Convergence Assessment of Spatial Factor Models (and other spatial occupancy models)
Spatial (and non-spatial) factor models can be difficult to fit,
requiring a large number of MCMC samples and fairly long run times
(e.g., hours or days), even with the computational advancements
implemented in spOccupancy
. Further, assessing convergence
in spatial factor models can be a complicated task. These models include
multiple levels of latent variables that we are trying to estimate:
multiple spatial NNGPs (i.e., the spatial factors) along with their
associated species-specific coefficients (factor loadings) are estimated
to accommodate residual correlations and spatial autocorrelation, and
the estimated occupancy values themselves are a (partially observed)
latent state that we need to disentangle from the imperfect detection
process. Trying to do all of this with a set of binary data points
(i.e., the detection-nondetection data) can be a difficult task,
especially when there is not an extremely large number of spatial
locations or there are a lot of rare species in the data set. Given the
complexity of these models, and the somewhat “weak identifiability” of
some of the model parameters (particularly those associated with the
spatial autocorrelation), the default convergence criteria that are
presented when running the summary()
function in
spOccupancy
may not provide the whole picture as to whether
or not the “model has converged”. In the following, we elaborate on
different convergence/identifiability issues that may arise when fitting
spatial factor models. We first start off with a discussion of an
“initial convergence assessment”, which is what we recommend doing for
all models in spOccupancy
. If adequate time has been spent
in this portion of the assessment and some issues are still arising, the
additional identifiability and convergence issues discussed later in the
document can be helpful for diagnosing problems, and/or determining if
you can proceed with the objectives of your analysis (or if the model is
too complicated to be fit with your data).
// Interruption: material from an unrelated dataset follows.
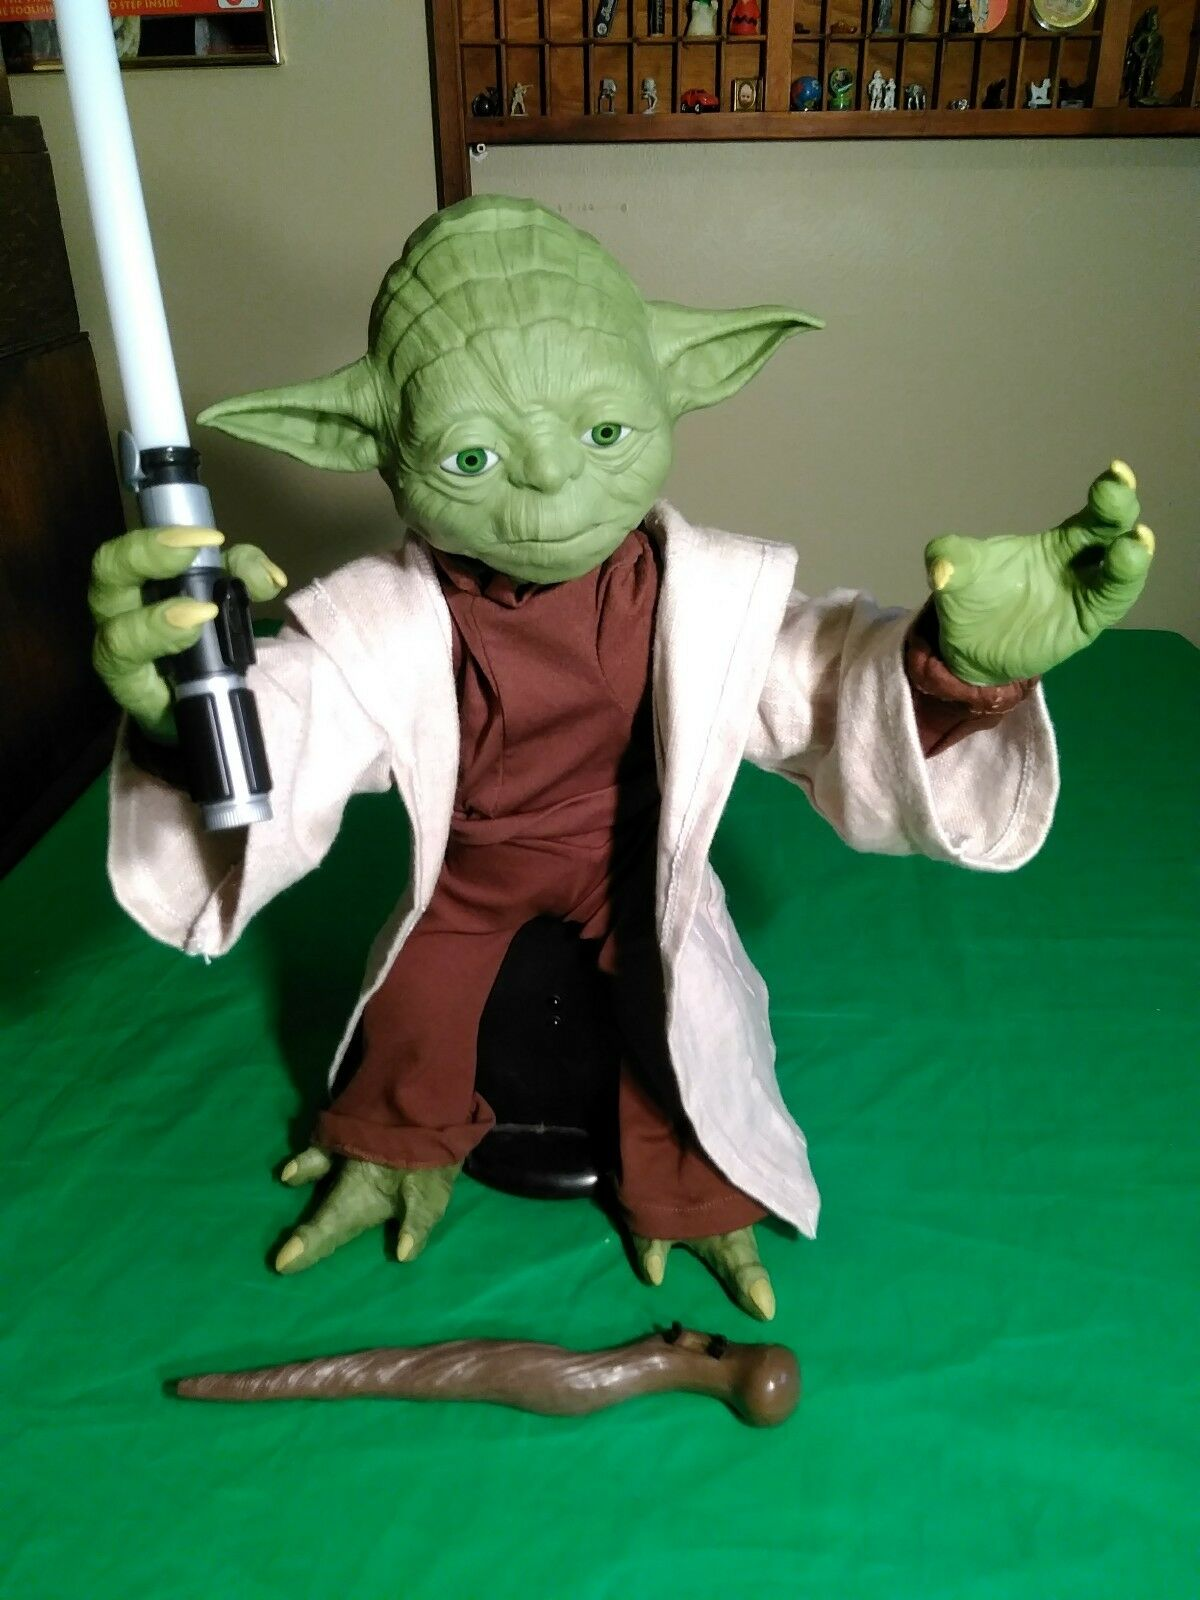 Star Wars Legendary Jedi Master Yoda Interactive Talking Action Figure

Initial convergence assessment
In some situations, particularly when working with a large data set, not too many rare species, and only a few factors in the spatial factor model, the usual convergence criteria (i.e., visual assessment of traceplots, effective sample sizes, Gelman-Rubin Rhat diagnostic) can be used to assess convergence, and they will show adequate convergence of all model parameters. There are plenty of much more in-depth resources available for discussing convergence in MCMC-based Bayesian models, and what we present here is by no-means an all inclusive discussion of how to assess convergence. While we recommend the following approach, this does not mean that other methods of convergence assessment are not useful for providing additional evidence of convergence.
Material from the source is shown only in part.